Sarawakians need sincere assurance from time to time when it comes to religious matters. Many Christians in the state are wondering if they are allowed to use the word Allah for God when they visit or reside in any part of Peninsular Malaysia; to import copies of the Holy Bible into the state for their own use. And, as for the other religious groups in Sarawak, they would want to know if they can continue practising their respective religions in peace and harmony as usual.
The government, both state and federal, would be doing a great service to these religious communities if the authorities could assure the ordinary people soon that the freedom of religion enshrined in the federal constitution remains untampered with at all times and in all places.

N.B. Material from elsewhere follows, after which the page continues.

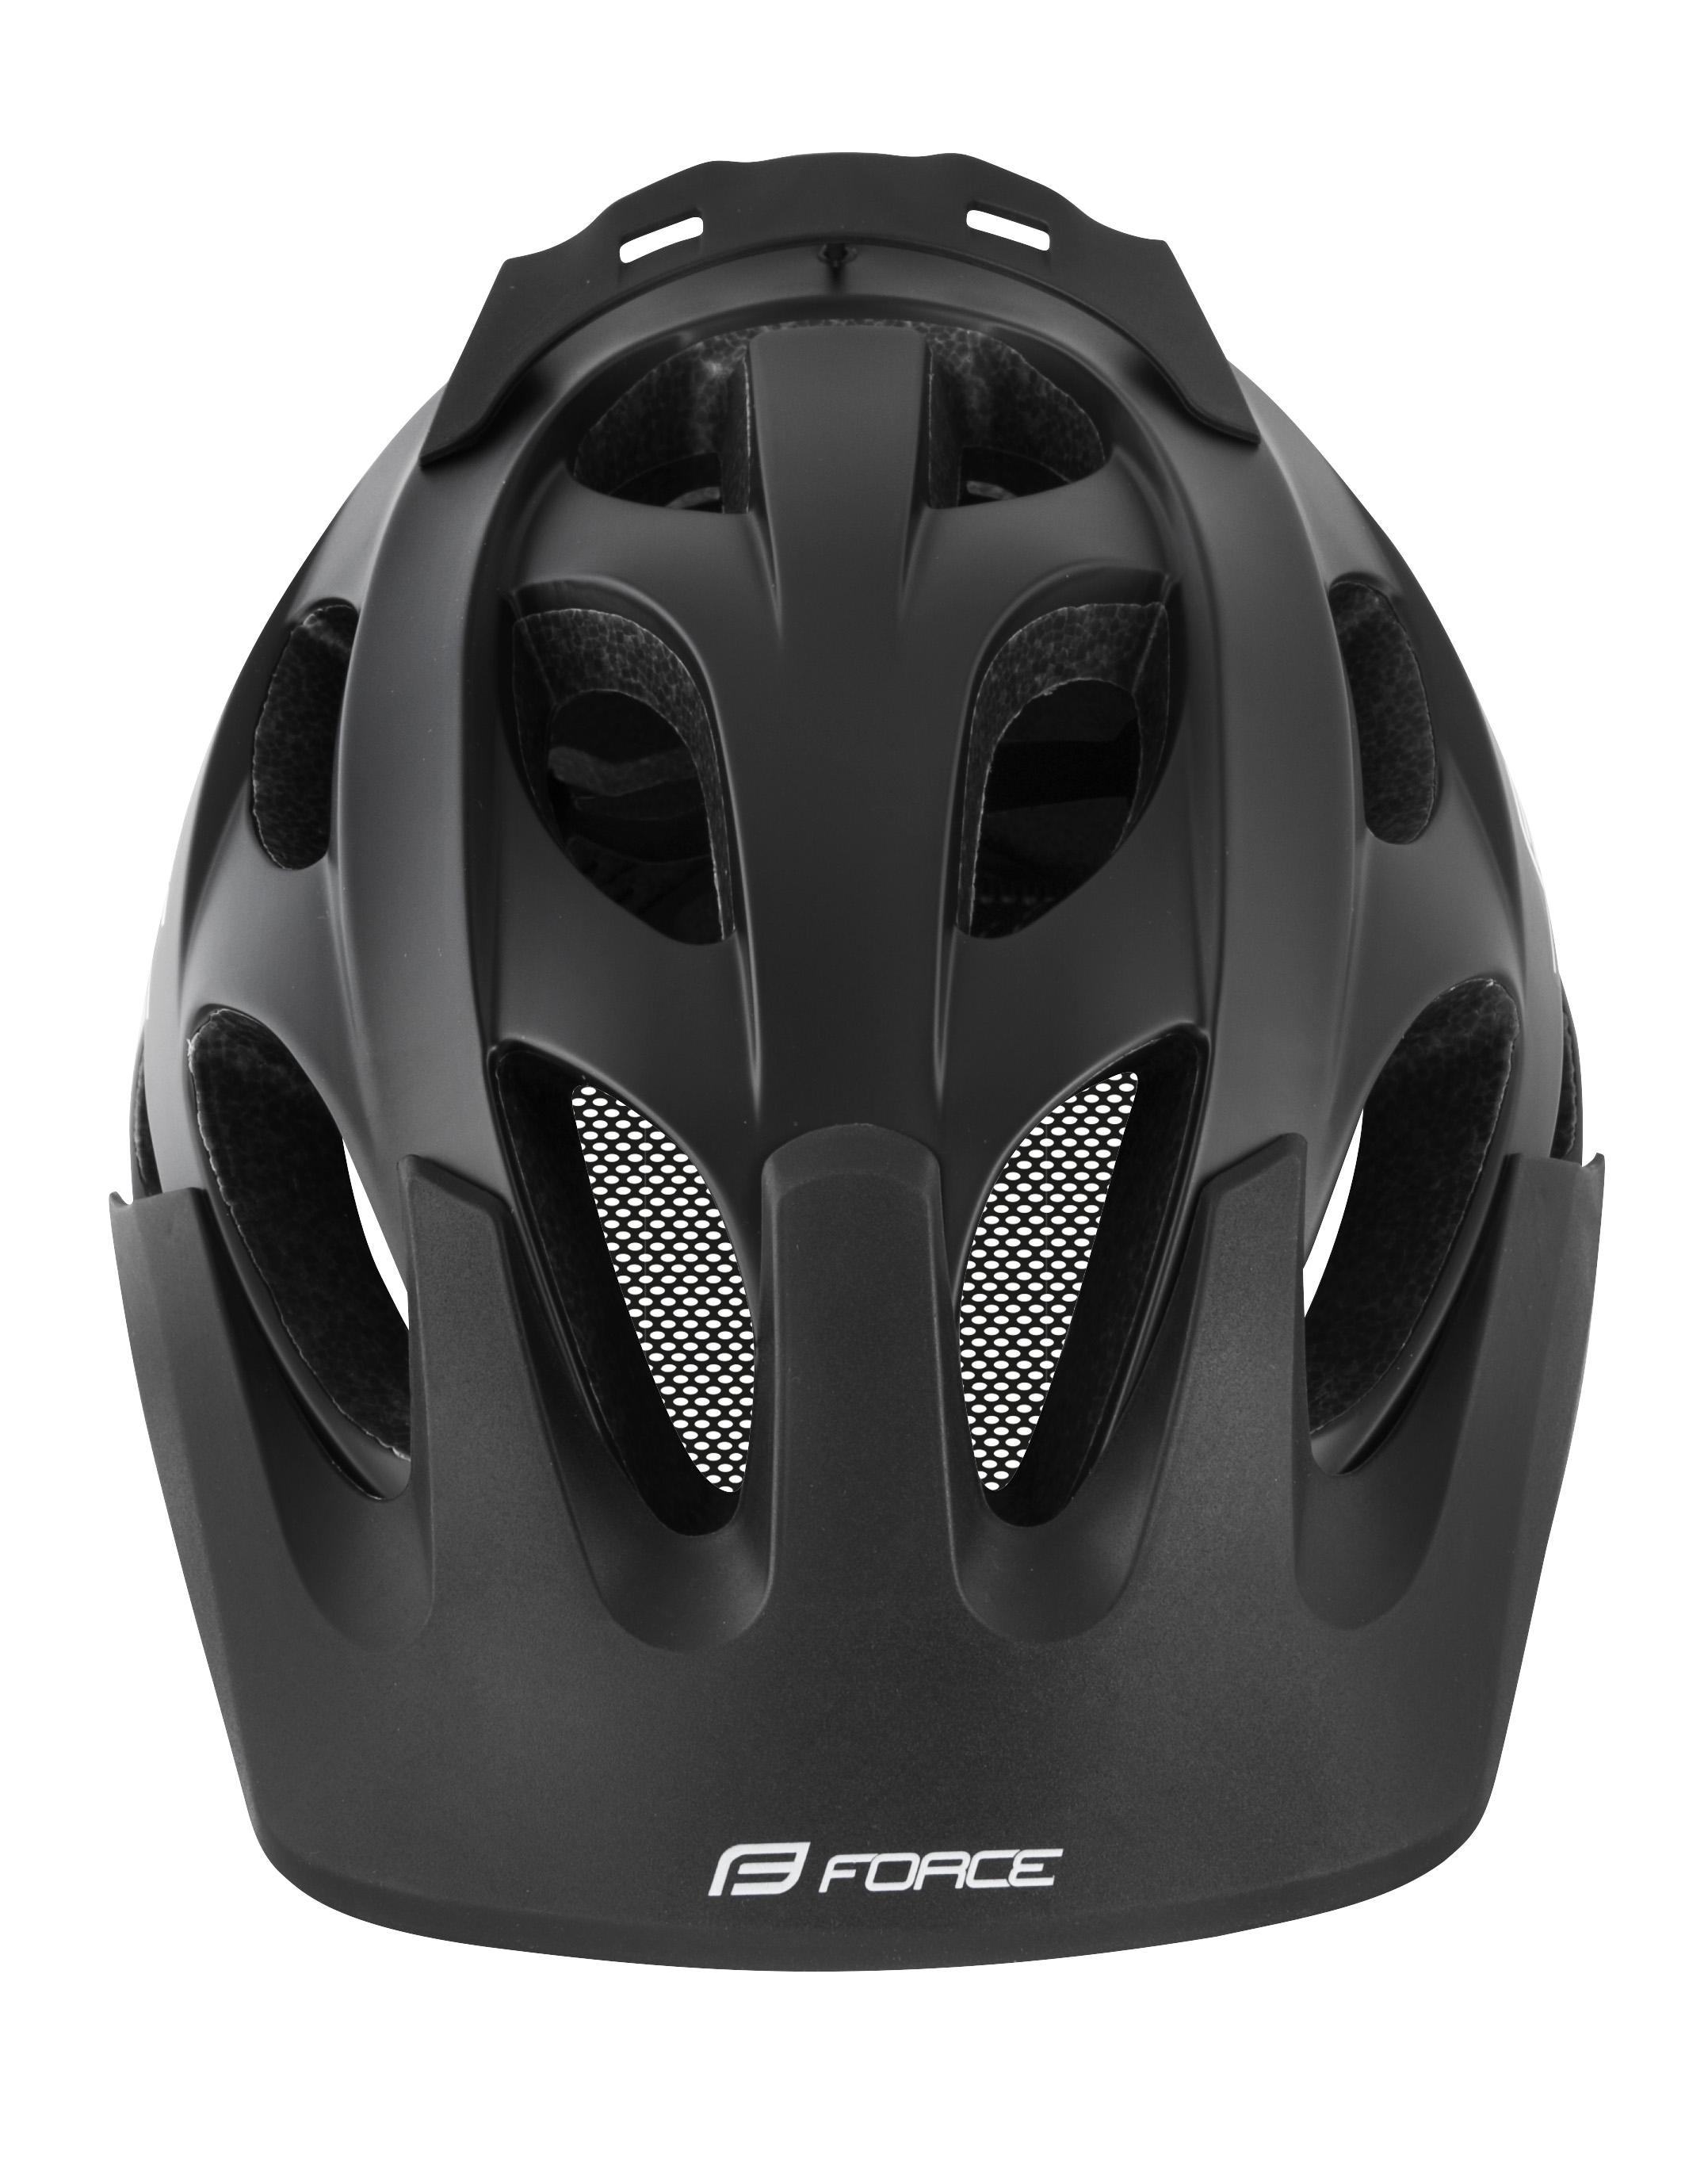 ec0be04f18 Cyklistická přilba FORCE RAPTOR MTB
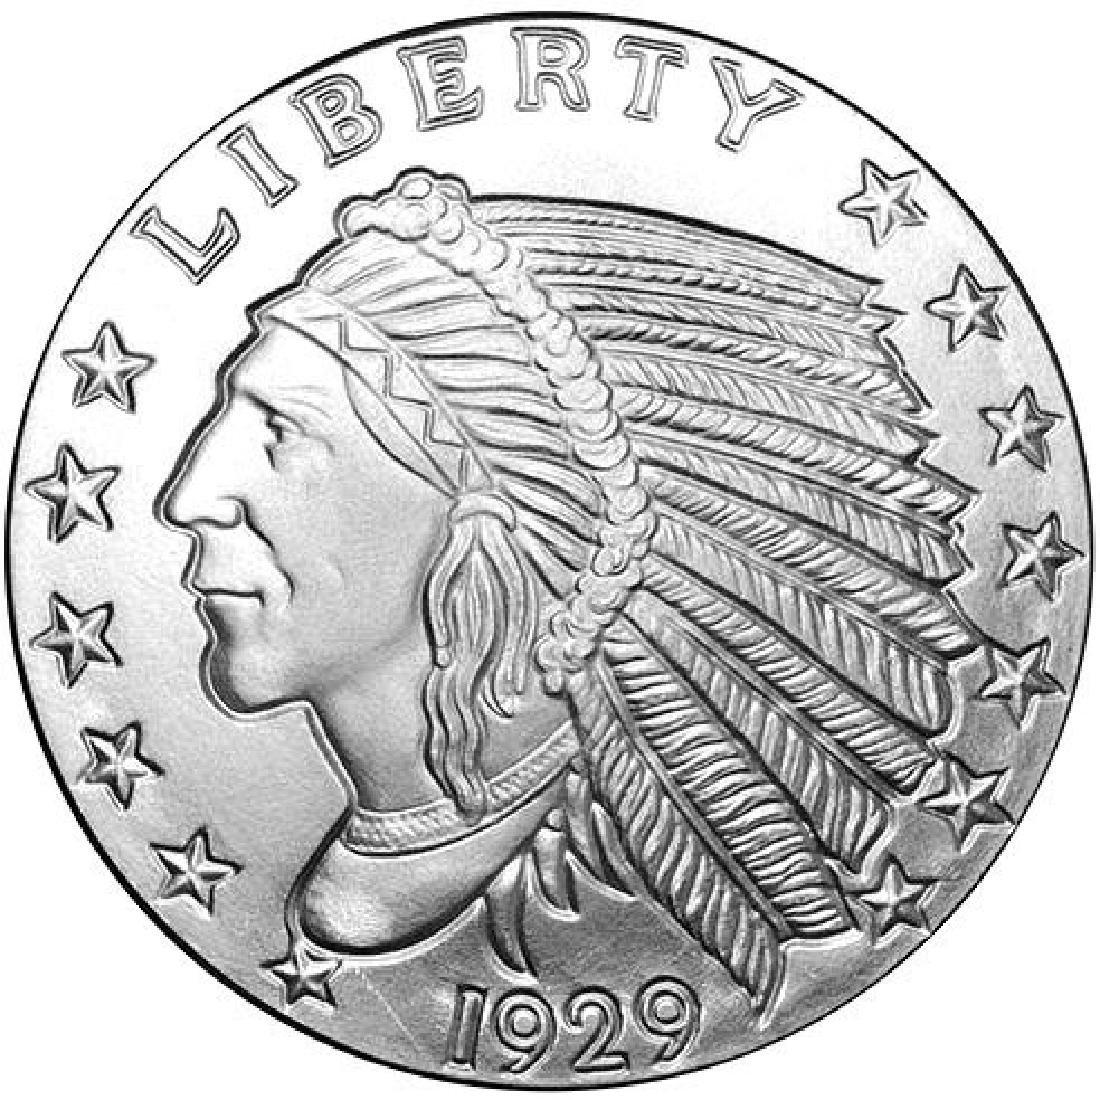 Silver Bullion 5 oz Indian Round .999 fine

Old questions seeking new answers
At this early stage of the tenure of office of the federal government, I would rather ask some specific questions than those which the present government may not have time to answer fast. My questions are those which the ministers in the previous government did not have time to answer. This time, what is the new federal government going to do about the findings of the Public Inquiry conducted by Human Rights Commission of Malaysia (Suhakam) from Oct 19 to Nov 17, 2017 into the enforced disappearances respectively of Pastor Raymond Koh, Amri Che Mat, as well as Pastor Joshua Hilmy and his wife Ruth?
The present government would be highly commended if they would please tell us if these hamba Allah are still alive somewhere. If so, please deliver them to their respective families as soon as possible.
RCI – my suggestion
Failing which, the government should think in terms of forming a Royal Commission of Inquiry (RCI). Readers of this column may recall that Suhakam while conducting a public enquiry into the disappearances of those Malaysian citizens discovered incredible information on the suspects, who were alleged to have taken away Pastor Koh and friends against their will. If any of Suhakam’s findings are in doubt, then it would be advisable for the government to establish that RCI, in order to confirm or dismiss as false the findings of Suhakam, just so that there will be a closure to the horrible incident.
I think the present government has the responsibility to clean up our country’s image in the international arena on this score.